On Tuesday, the local Tuoi Tre newspaper revealed that the powerful banking mogul, Nguyen Duc Kien, had been arrested for financial violations.
Kien is among Vietnam’s 20 richest and best-connected businessmen – he is close to Prime Minister Nguyen Tan Dung and co-founded the Asia Commercial Bank, one of the nation’s largest.
News of his jailing caused Vietnam’s already moribund stock market to suffer its biggest drop in four years and resulted in panicky depositors mobbing ACB branches to pull out their savings.
Some $400 million was withdrawn over the next two days and the central bank had to dispatch truckloads of cash to prevent commercial banks from running out of funds.
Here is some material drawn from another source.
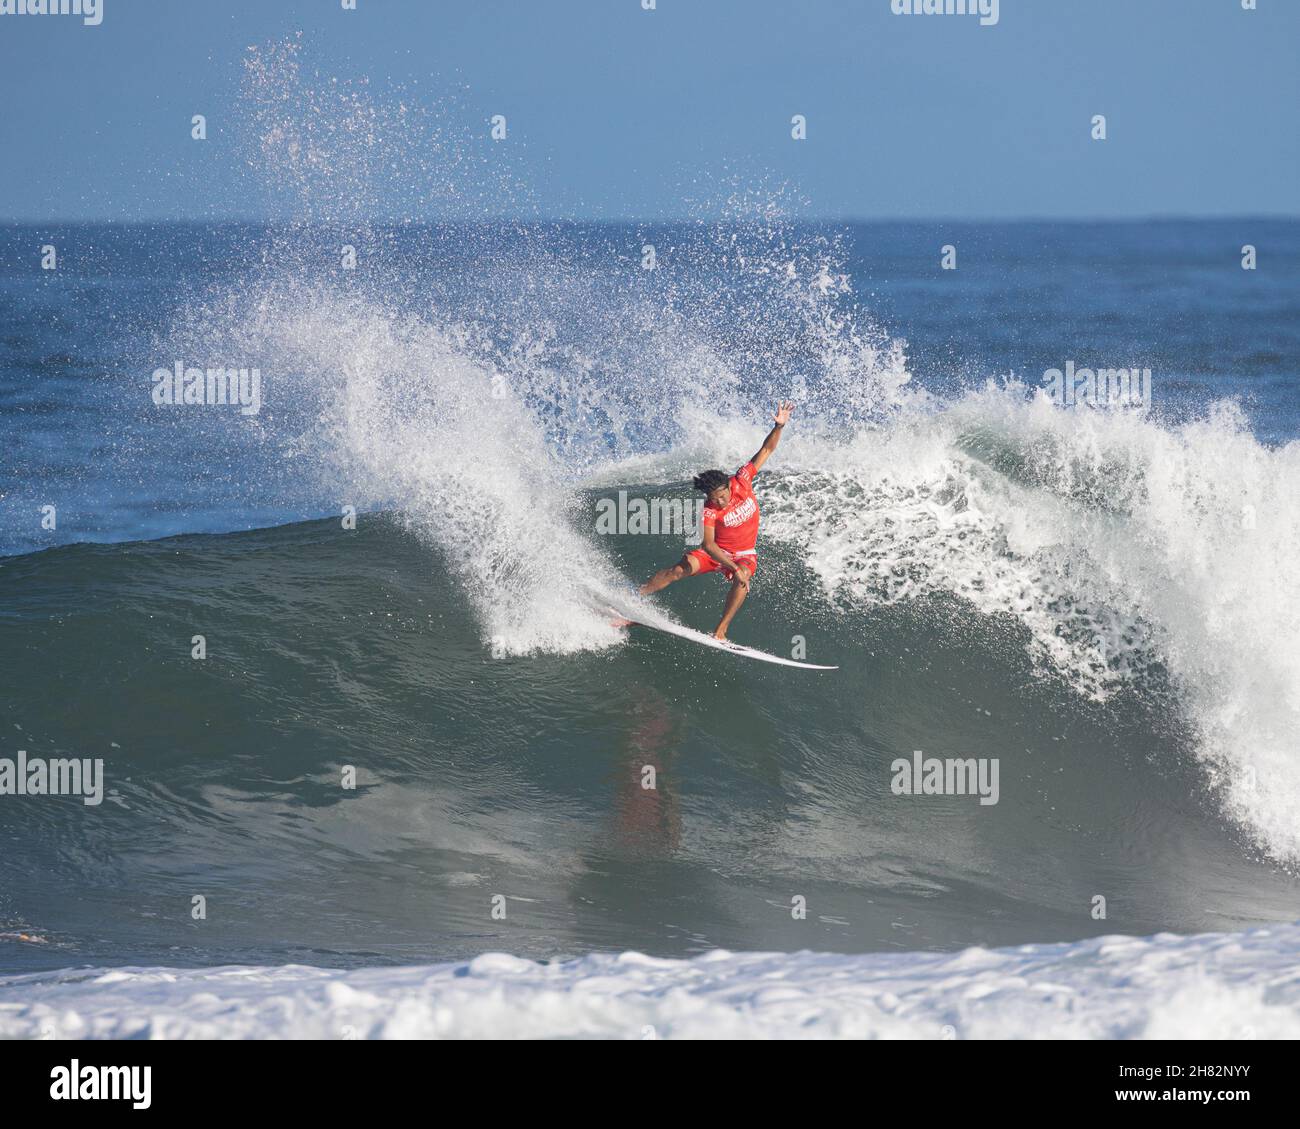 Haleiwa, Hawaii, USA. 26th Nov, 2021. - Rio Waida of Indonesia shows his style on this wave during the opening of the menÕs round 80 of the Michelob ULTRA Pure Gold Haleiwa Challenger at AliÕi Beach Park in Haleiwa, Hawaii. Glenn Yoza/CSM/Alamy Live News Stock Photo

A brief semblance of calm was then shattered on Thursday when news outlets like the Agence France Presse headlined: “Second tycoon arrested amid bank run in Vietnam.”
Ly Xuan Hai, the ACB’s chief executive, joined Kien in the slammer for alleged financial irregularities and that led to yet more bank runs and a disastrous $4-billion slide in the stock market.
The picture was darkening ominously, as was evident from a front-page New York Times article headlined: “In Vietnam, Growing Fears of an Economic Meltdown.”
Those fears were reinforced when the official Vietnam News Agency reported mid-week that prices had begun to creep up again.
Not long ago, in order to curb rampaging inflation which had hit 30 per cent, the government radically curtailed credit and restrained growth.
It worked and the rate of inflation came down to single digits this year; but the cost was severe.
Youth unemployment soared, infrastructure projects were postponed or scrapped, serious power shortages ensued, wildcat strikes spread and the property market slid into its current comatose state.
As the New York Times article reported: “Vietnam’s major cities are now scattered with hundreds of abandoned construction sites.”
As well, after multiple currency devaluations and rising prices, people pruned their spending; the sale of produce and general goods in stores, for example, has recently plummeted by 20 to 30 per cent.
Making matters worse, foreign investment for the first half of this year was only one-quarter the amount during the same period three years ago.
As a result, with GDP growth now down to barely 4 per cent and falling, Vietnam has the region’s worst-performing economy and faces the harrowing prospect of an inflationary depression.
As the Associated Press reported, there are now “doubts about the financial stability of a country once seen as an emerging Asian tiger economy”.
Last week’s jailings follow the conviction of Pham Thanh Binh, formerly head of state-owned shipbuilder Vinashin, whose financial misdeeds saddled the company with debts of $4.5 billion.
Concurrently, Duong Chi Dung, the ex-boss of state-owned shipping giant Vinalines, recently fled into hiding after racking up debts of $2 billion.
Both Binh and Dung were political acolytes of senior party men, none of whom have been punished, of course, just as none of the mentors of Kien or Hai have been targetted – as yet.
But political storm clouds are growing, as discontent over the nation’s economic mismanagement mounts, even within the ruling Vietnam Communist Party itself.
PM Dung, whose daughter Nguyen Thanh Phuong partnered Kien in banking endeavours, is now openly being challenged by his long-term rival, President Truong Tan Sang.
Sang is supported by party boss Nguyen Phu Trong and Deputy PM Nguyen Sinh Hung, which means the PM’s days could be numbered.
In a devastating article last week, Sang slammed both the inefficient state-owned enterprises and the corruption, irresponsibility and moral degradation of Dung’s government. He could well have aimed his criticism at the party as a whole.
To paraphrase Winston Churchill, the economic debacle may not herald the end of the VCP, but it is perhaps the end of the start of the party’s demise.